Let me start by defining the random variable.
I have $n$ units. I run a (Bernoulli) experiment where a unit is assigned to group $U$ with probability $q$ or to group $U'$ with probability $1-q$.
Let $K=|U|$ after this experiment ends. I think of this as flipping $n$ coins with bias $q$ and counting the number of heads. Then, $K \sim \text{Binomial}(n, q)$.

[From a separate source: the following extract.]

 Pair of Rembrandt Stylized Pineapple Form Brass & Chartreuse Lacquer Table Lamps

Now, suppose I modify the procedure a little:
If by random chance, after I have flipped all $n$ coins, I have $|U| = \emptyset$, i.e. $K = 0$, I "reject" my results and redo the whole experiment. By this, I mean I reflip all $n$ coins and count the number of heads and that will be my new $K$. If this new $K$ is greater than $0$, I keep it. However, if by random chance I keep getting $K=0$, I start over again. Essentially, I can just never accept $K=0$ but I'm insisting on doing this coin flip procedure to determine $K$. It is clear that $K$ is no longer a binomial random variable… but this is where I get stuck. I don't know how to reason about the distribution of $K$ in general.

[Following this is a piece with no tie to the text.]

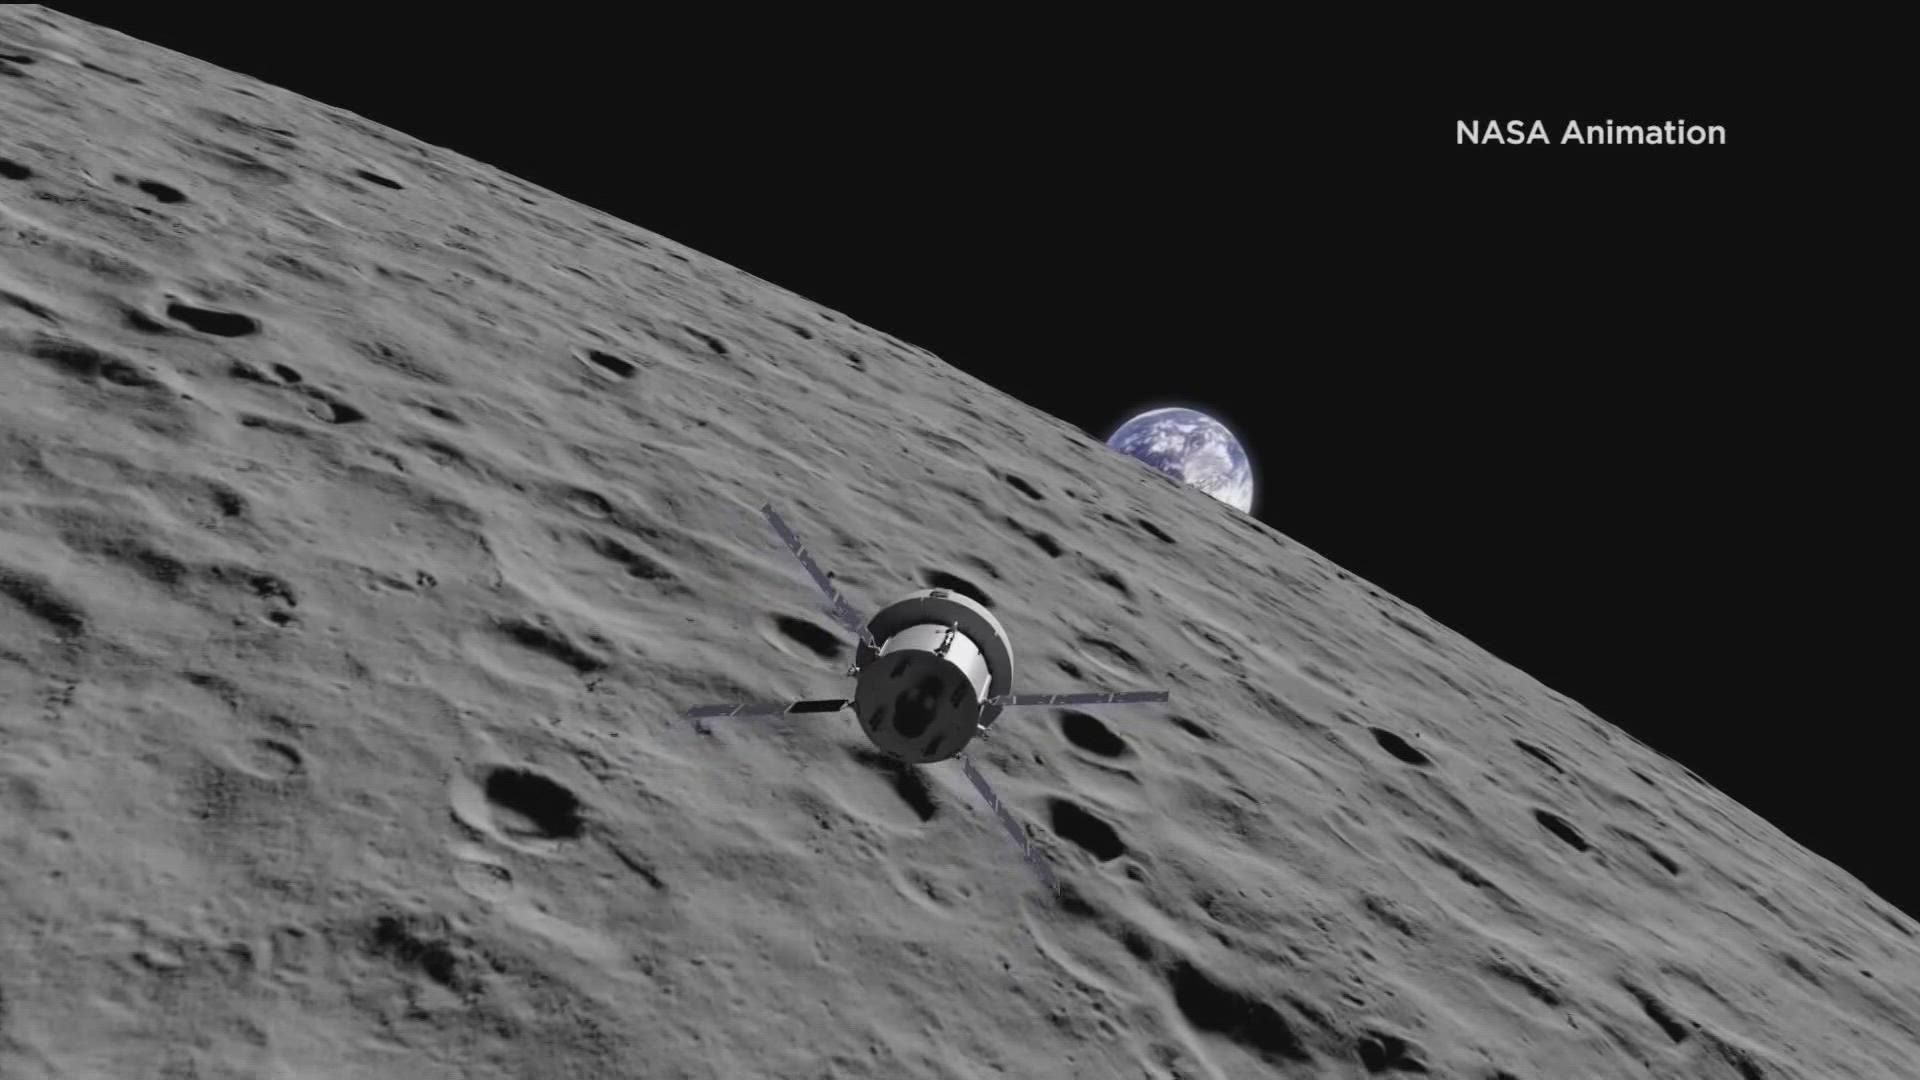 The unmanned spacecraft is headed back to earth after making its second close flyby of the moon.

Specifically, I need to calculate
$$\mathbb{E}\big[\tfrac{1}{K}\big] = \sum_{i=1}^n \frac{1}{i}\cdot \text{Prob}(K=i),$$
but I don't know how to determine what those probabilities are or how to even begin reasoning about the distribution of $K$. How can I determine those probabilities?
Best Answer
As explained in the comment by Henry, we have a "truncated" or "chopped" Binomial distribution. The probabilities $\text{Prob}(K=i)$ need to be rescaled such that $\sum_{i=1}^n \text{Prob}(K=i) = 1$.
Let $X \sim \text{Binomial}(n,q)$ and let $K$ be distributed as described in the question. We can reason as follows. First, notice that $$\sum_{i=1}^n {n \choose i} q^i(1-q)^{n-i} = 1 - \text{Prob}(X=0) = 1 - (1-q)^n.$$ Dividing both sides of the equation by $1 - (1-q)^n$, we have $$ \frac{\sum_{i=1}^n {n \choose i} q^i(1-q)^{n-i}}{1 - (1-q)^n} = \frac{1 - (1-q)^n}{1 - (1-q)^n} = 1. $$
Thus, if we define $$\text{Prob}(K=i)= \frac{{n \choose i} q^i(1-q)^{n-i}}{1 - (1-q)^n}$$ for $i=1,2,\ldots,n$, we have a valid probability distribution for $K$.
Note that an alternative (but possibly equivalent?) solution would be to note that $$(1-q)^n + \sum_{i=1}^n {n \choose i} q^i(1-q)^{n-i} = 1,$$ and define $\text{Prob}(K=i)= {n \choose i} q^i(1-q)^{n-i} + \frac{(1-q)^n}{n}$.